看着他傻乐的样子,我无奈地摇了摇头。算了。南墙撞不破,那就……陪他把这墙推倒吧。
我倒要看看,他这条路,到底能走多远。【第五章】有了李导的推荐,
我们见剧组的过程顺利了不少。但结果,却不尽如人意。江澈这张脸,确实是块敲门砖。
大部分导演看到他,第一眼都是惊艳。可一听说他不是科班出身,又没什么经验,
就都打了退堂鼓。愿意给机会的,也都是些不入流的小网剧,演个路人甲乙丙丁,
或者干脆就是没台词的背景板。江澈从一开始的信心满满,到后来的垂头丧气,只用了三天。

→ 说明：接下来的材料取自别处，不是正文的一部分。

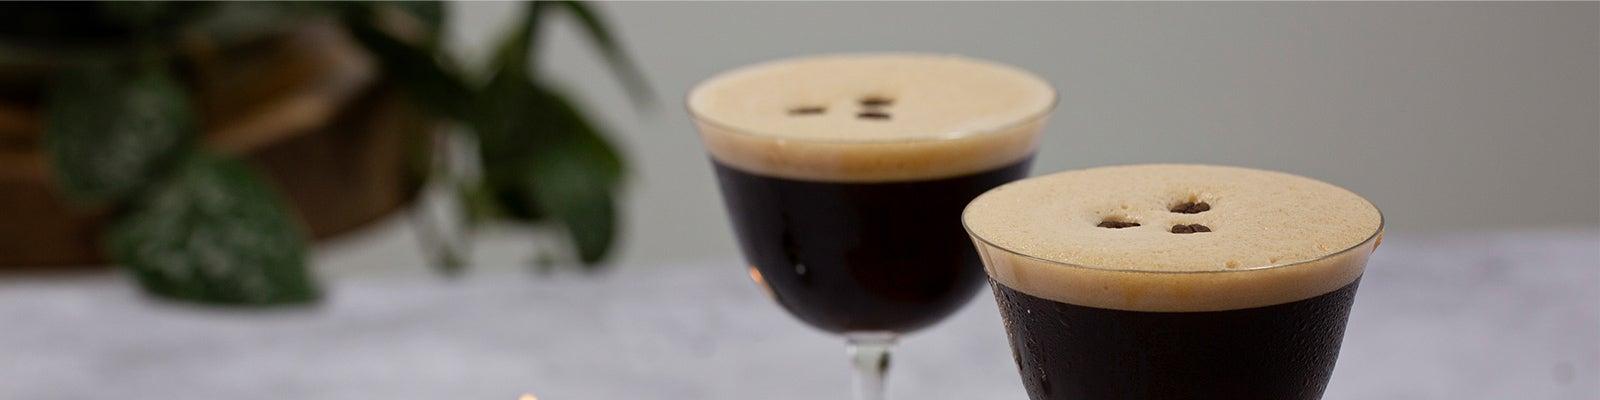 espresso-martini-recipe-header-desktop

“稣稣,我是不是真的不适合干这行?”晚上,在只有一张床的廉价旅馆里,
他抱着膝盖坐在地上,声音闷闷的。我躺在床上,一边刷手机,
一边漫不经心地说:“现在知道了?还不晚,明天我给你买票,回学校好好读书。
”他沉默了。过了好一会儿,我以为他睡着了,他却突然开口。“我不回去。”声音不大,
但很坚定。“我想再试试。”我放下手机,看着他倔强的后脑勺,叹了口气。“行,你想试,
我就陪你试。”我从床上坐起来,打开电脑,开始在网上搜索各种招募信息。
既然大的剧组进不去,那就从小角色开始。跑龙套,也得跑出点名堂来。第二天,
我带着江澈去了一个古装剧组。招的是……演尸体。日薪一百,管一顿盒饭。
江澈看着招募信息,脸都绿了。“稣稣,你没搞错吧?演……演尸体?”“怎么?不想演?
”我挑眉,“昨天谁说想再试试的?”他憋屈地低下头,“演……”演尸体是个技术活。